Al Fagaly (January 5, 1909 – April 23, 1963) was a Golden Age American cartoonist and creator of Archie Comics' Super Duck and the syndicated gag cartoon There Oughta Be a Law!

==Biography==
Born in Waynesburg, Kentucky, his parents were Robert Valentine Fagaly (1873 – 1950) and Laura Belle Hicks Fagaly (1880 – 1960). He was the 7th great-grandson of Sarah Rapelje, the first child of European descent born in New Amsterdam. His 3rd great-grandfather, 1st Lt. Isaac Bogart Jr. served in the 3rd New York Regiment of the Continental Army during the Revolutionary War and his grandfather, William Harrison Hicks fought in the Civil War (71st Ohio). The family moved to Hood River, Oregon around 1911 before settling in Vancouver, Washington. He was a neighbor of Basil Wolverton.

After serving in the United States Marine Corps, Fagaly returned to Vancouver in the mid-1930s and founded Columbia Photoengraving in order to get the local newspaper, The Columbian, to publish his cartoons.
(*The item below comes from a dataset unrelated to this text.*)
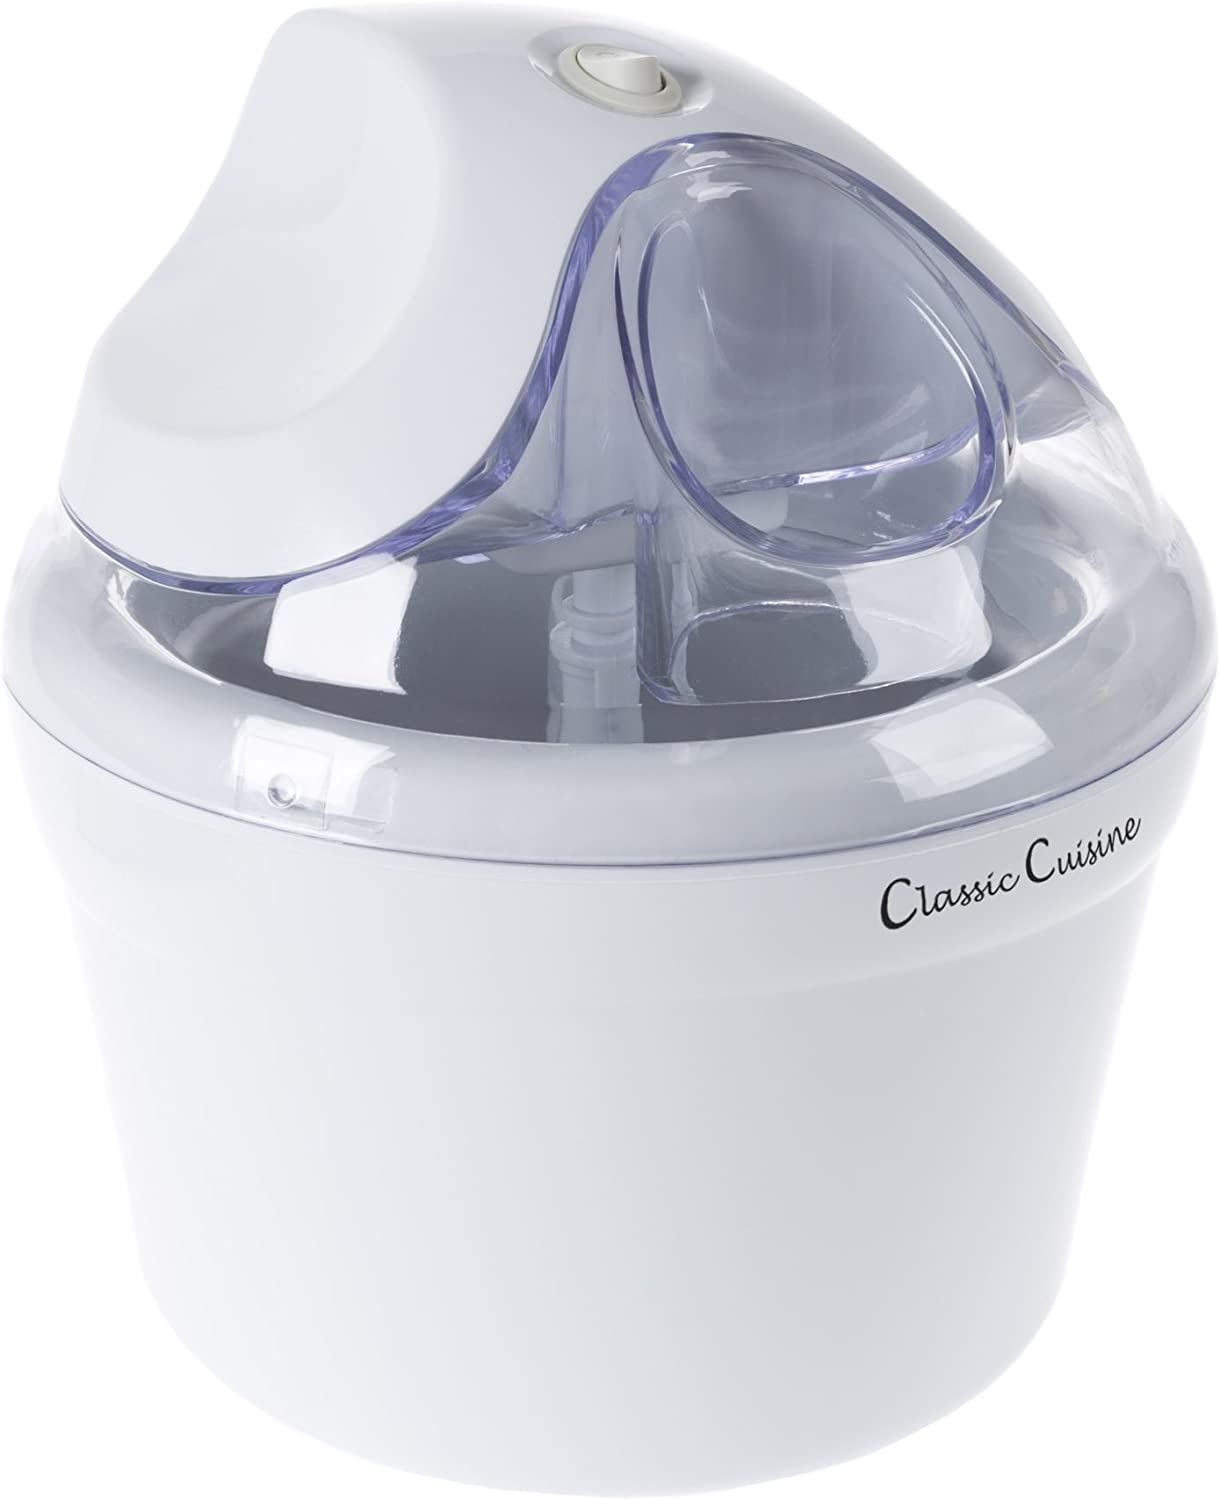 Ice Cream Maker- Also Makes Sorbet, Frozen Yogurt Dessert, 1 Quart Capacity Machine with Included Easy To Make Recipes by
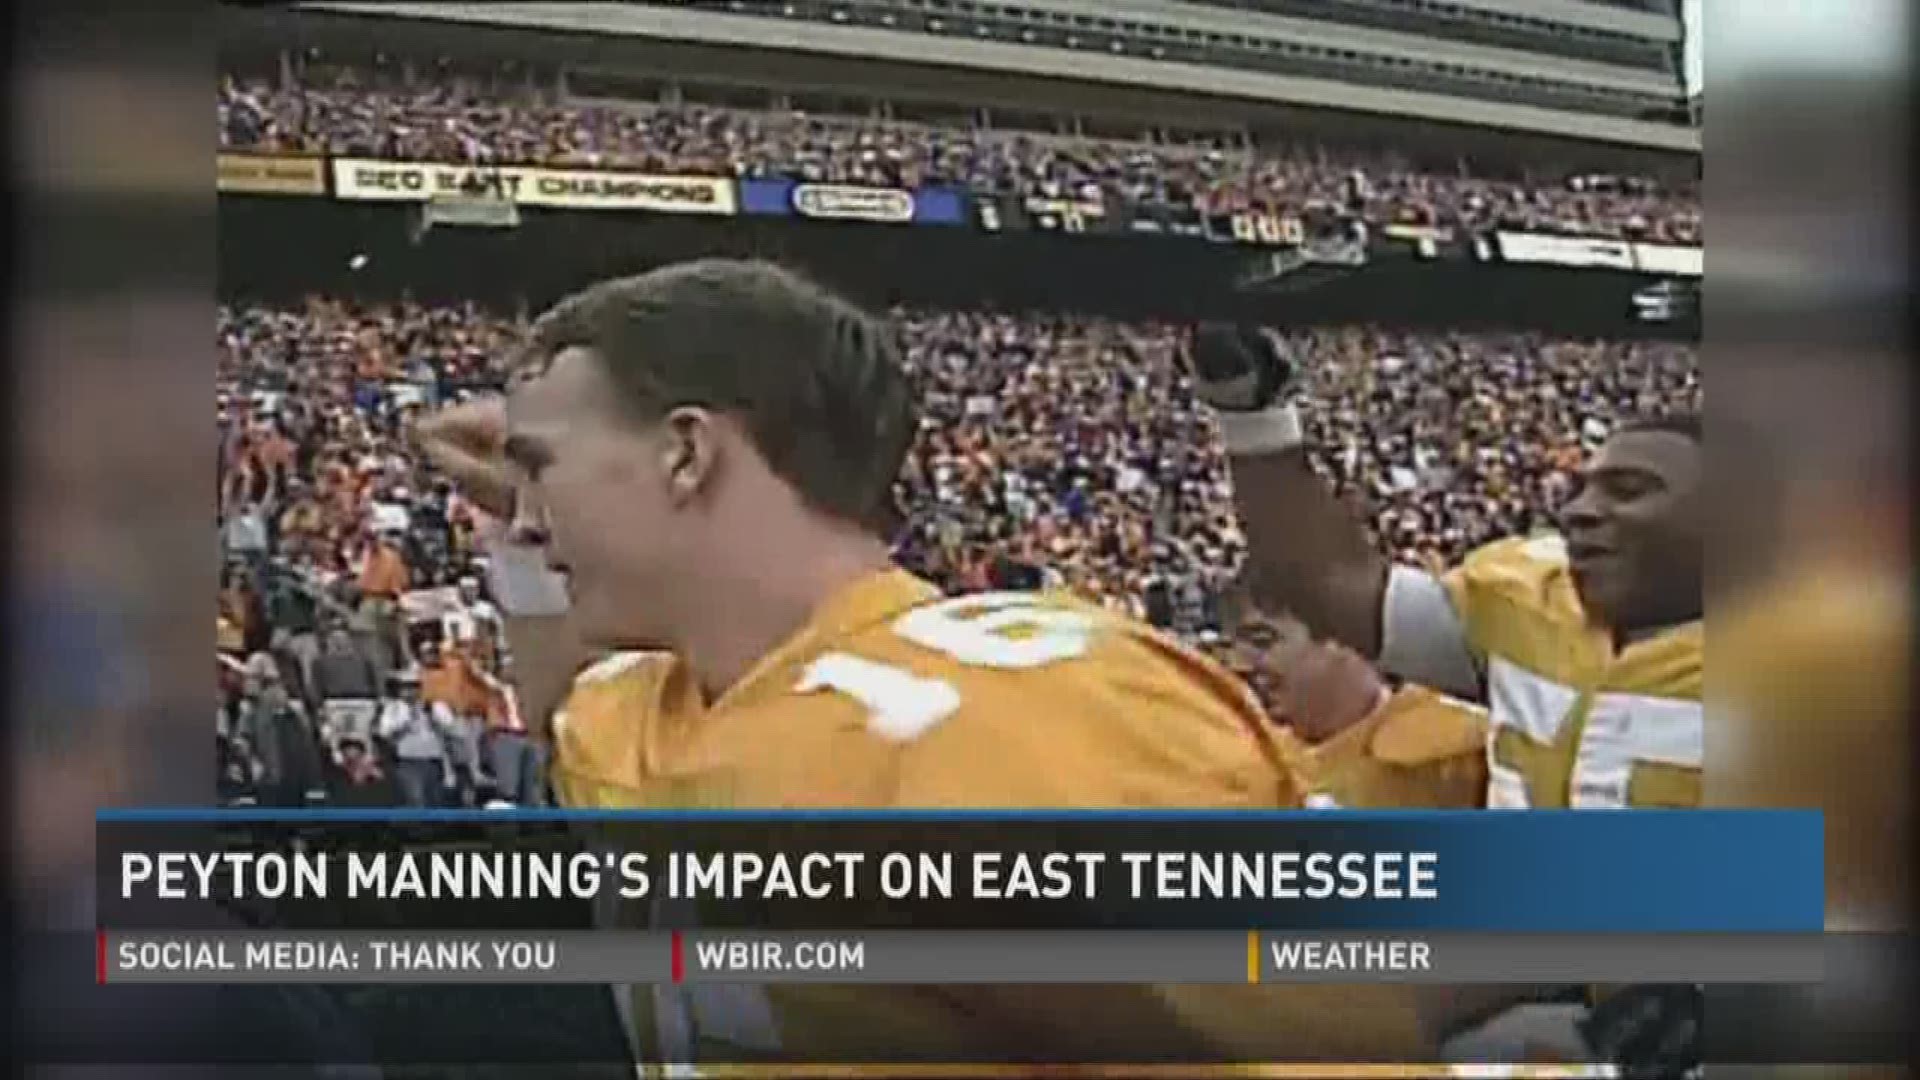 10News reporter Brittany Bade takes a look back on Manning's impact in the East Tennessee area.

He offered to supply the newspaper engraving plates for free if the newspaper would pay him for the cartoons. Since the cost of photoengraving was much more than the going rate for artwork, the newspaper agreed, and Mr. Fagaly became the staff cartoonist for The Columbian. In 1935, he created a comic strip, Skip Logan, for the Thompson Service in Cincinnati, Ohio.

In 1943 Fagaly was a staff artist first at Timely Comics (sharing an apartment with Mickey Spillane) and then at MLJ Comics (now Archie Comics) when he created the Superman parody Super Duck. He went on to be the lead artist on Super Duck Comics, which debuted in 1944; Fagaly was a main contributor to the title at least through the early 1950s. Fagaly was also the main contributor to Fauntleroy Comics, a spin-off from Super Duck that published three annual issues from 1950 to 1952.

In 1944, while he was living in Nantucket, Massachusetts, Fagaly and MLJ managing editor Harry Shorten co-created the daily gag cartoon There Oughta Be a Law!, syndicated by McClure Newspaper Syndicate. Shorten supplied the stories and Fagaly the art, until his death in 1963. There Oughta be a Law! ran from 1944 to 1984, and was later produced by Frank Borth, Warren Whipple, and Mort Gerberg.